3-year-old: I need a scarf.
Me: No, you don’t.
3: To tie up bad guys.
She needs a scarf.
The worst part about having your death go viral is that you get kicked off the Queue for Taylor Swift tickets. #RIPJimmyFallon
Marriage is telling your partner they’re wrong but in an optimistic way.
Anyone else’s spine sound like an accordion when they go to bend over?
No?
No matter how prepared you think you are,
a retractable vacuum cord will always find the weakness in your defense.
oh you like bad boys? well sometimes i cite articles i’ve only skimmed
I’m glad the Dentist calls me the day before to remind me to cancel my appointment.
When I recently asked a 9 year-old about his experience with the tooth fairy, he explained that there is no tooth fairy, and:
‘Your parents take the tooth out from under your pillow, and god knows what they do with it.’
Roses are red,
I love mashed potato.
Poetry is hard,
laminator.#PoetryDay
Sorry but they’re not fajitas unless they come from the fajita region of the restaurant
[ikea date]
him: let’s go check out the beds 😉
me: *mouthful of meatballs* they sell furniture here?
You know a guy is a creep if he shelves American Psycho with “how-to books.”
Of course he’s into you. He’s just super-duper busy, messaging other chicks.
ME: I’ve eaten a lot of spicy food
GF: If u eat too much of it, u lose your sense of taste
ME [watching Adam Sandler] haha he is so funny
Before I die I want to see a dog run out of a butchers shop with a string of sausages hanging out of its mouth.
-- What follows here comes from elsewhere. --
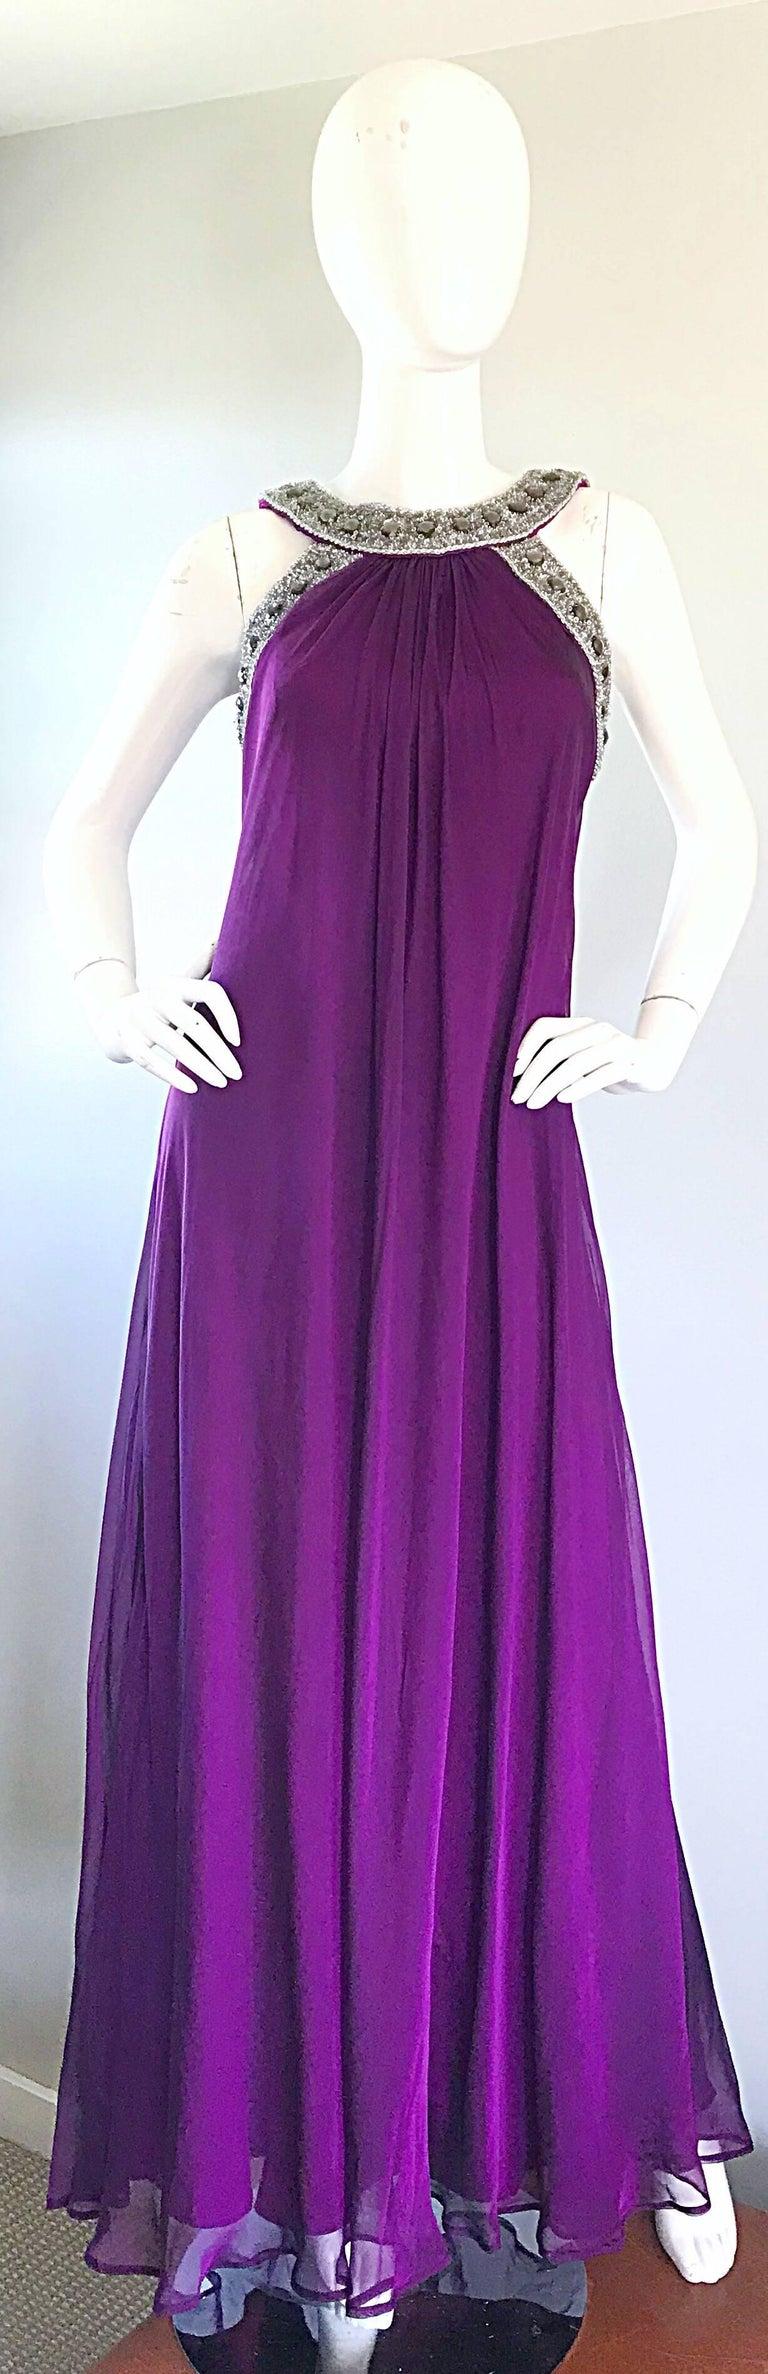 1990s Badgley Mischka Sz 4 6 Purple Silk Chiffon Rhinestone Vintage Grecian Gown For Sale 5

I talk a lot of shit for someone who often searches for their phone when I’m watching something on it.
Today’s assignment:
Walk up to people with a manila envelope and ask them “Have you seen this person?” and pull out a picture of yourself
Wife: You call this a gift?
Husband: Well, when that other guy brought you same thing..
Wife: You mean our dog?
10 year old me preparing to tell my mom at 9pm I need glue and construction paper for my project due tomorrow.
Chamomile tea makes chamomile pee.
I once sprained my wrist flapping away too vigorously in a panic after I walked into a massive spider’s web. I told everybody I damaged my hand playing rugby
my boyfriend invited the neighbors over for dinner “sometime,” so now we have to move.
Starbucks says it will close 150 stores next year.
And that’s just in one mall.
*Weather changes*
BODY: This is weird. Must have an asthma attack.
*Anything else changes*
MIND: This is weird. Must have a panic attack.
Establish dominance over your doctor by asking what drugs he’s taking.
Me: We have communication issues, trust issues and she’s passive aggressive
*Therapist slowly turns to the other chair and looks at the GPS*
My new favorite headline
My conservative, 94-year-old grandfather and I don’t see eye to eye on a lot, but every now and then, I’m reminded of our similarities. Today, he emailed me a video asking a really important question—what if we put all of our trash in volcanoes?